• DATASET ENTRIES
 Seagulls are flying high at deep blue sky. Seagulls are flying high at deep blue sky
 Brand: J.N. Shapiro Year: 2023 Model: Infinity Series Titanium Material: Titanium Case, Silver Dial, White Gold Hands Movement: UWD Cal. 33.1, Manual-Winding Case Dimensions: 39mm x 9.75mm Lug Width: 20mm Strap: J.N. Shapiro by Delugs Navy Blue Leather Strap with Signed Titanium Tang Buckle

* * *

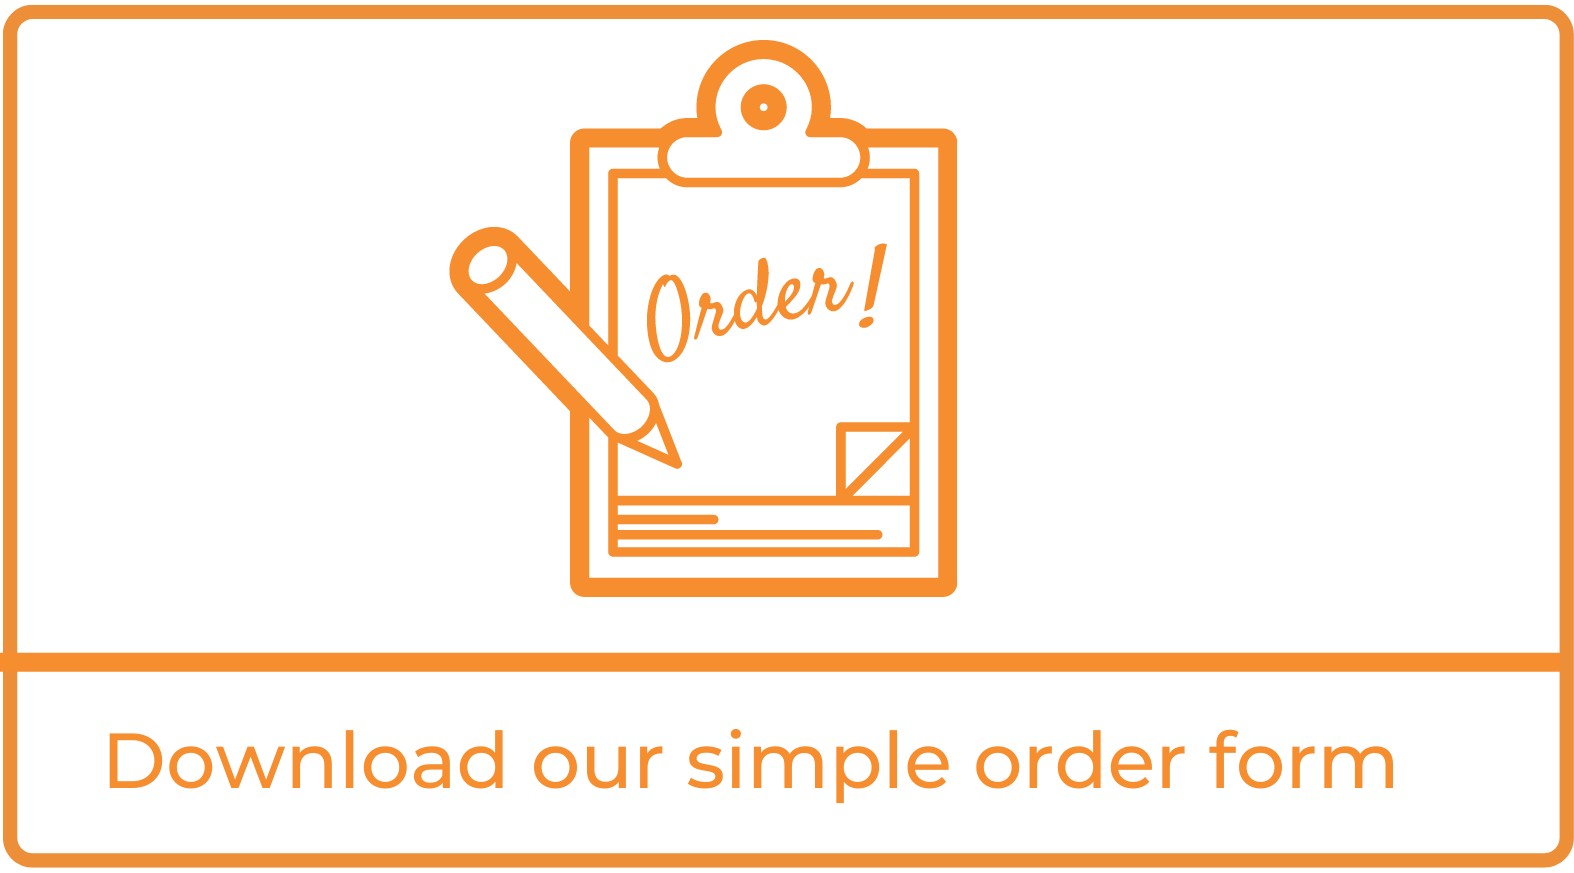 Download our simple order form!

==

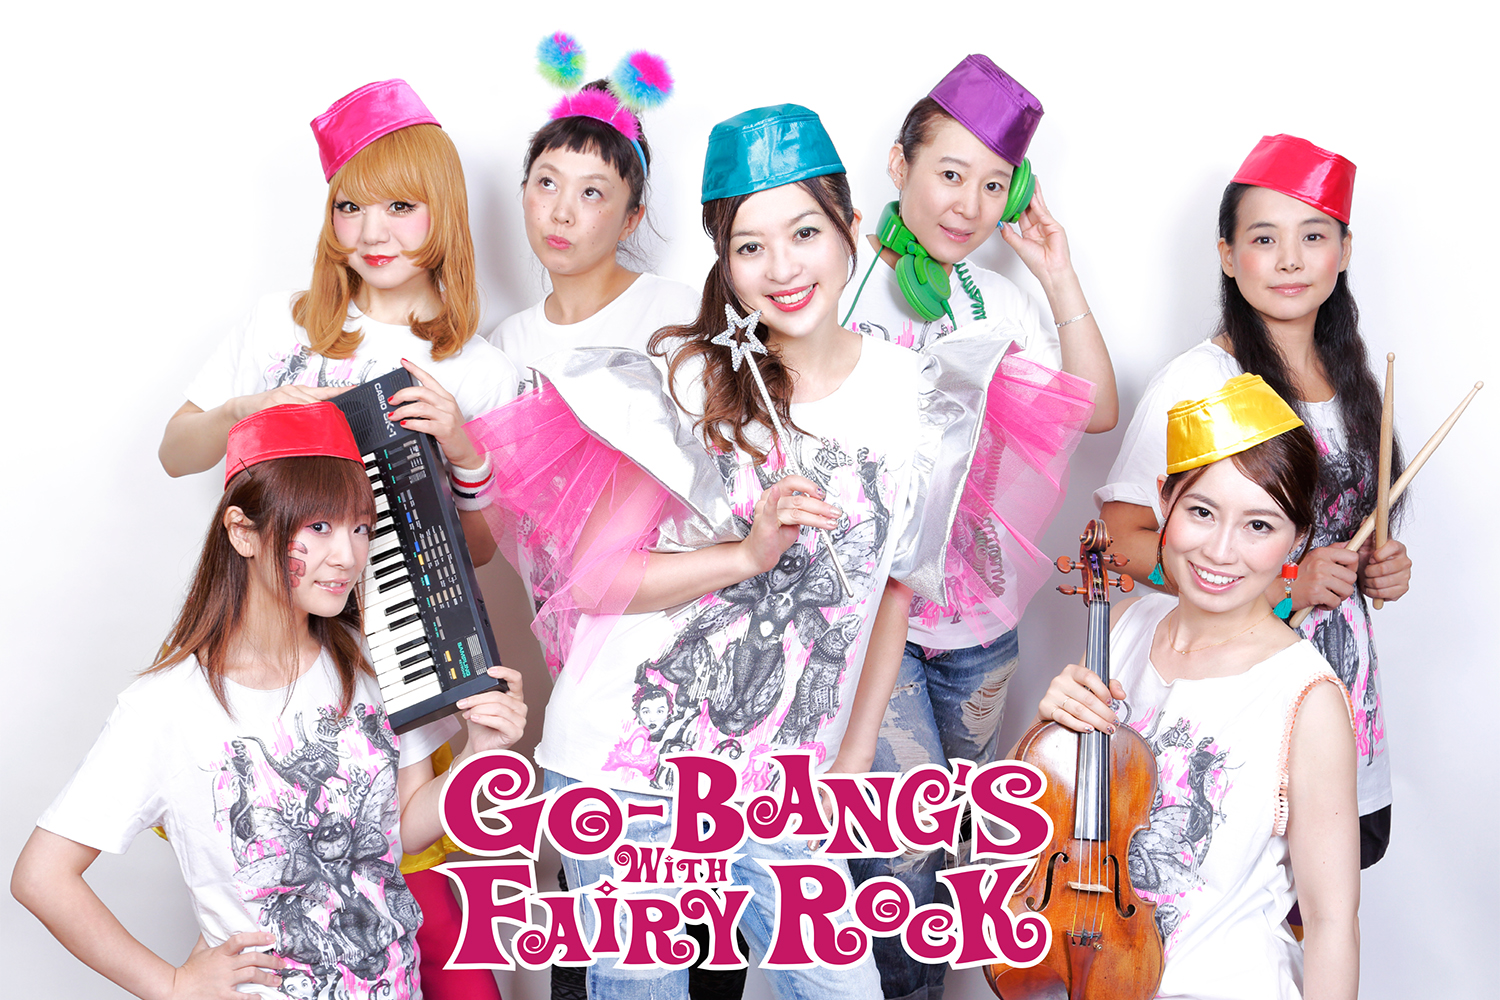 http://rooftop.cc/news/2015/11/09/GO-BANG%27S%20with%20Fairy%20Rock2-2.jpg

• EXERCISE GOAL
Output should match, line for line, the stretch of the material above from the line holding "Seagulls are flying high at deep blue sky." through the line holding "Brand: J.N. Shapiro".

• ANSWER AREA
 Seagulls are flying high at deep blue sky. Seagulls are flying high at deep blue sky
 Brand: J.N. Shapiro Year: 2023 Model: Infinity Series Titanium Material: Titanium Case, Silver Dial, White Gold Hands Movement: UWD Cal. 33.1, Manual-Winding Case Dimensions: 39mm x 9.75mm Lug Width: 20mm Strap: J.N. Shapiro by Delugs Navy Blue Leather Strap with Signed Titanium Tang Buckle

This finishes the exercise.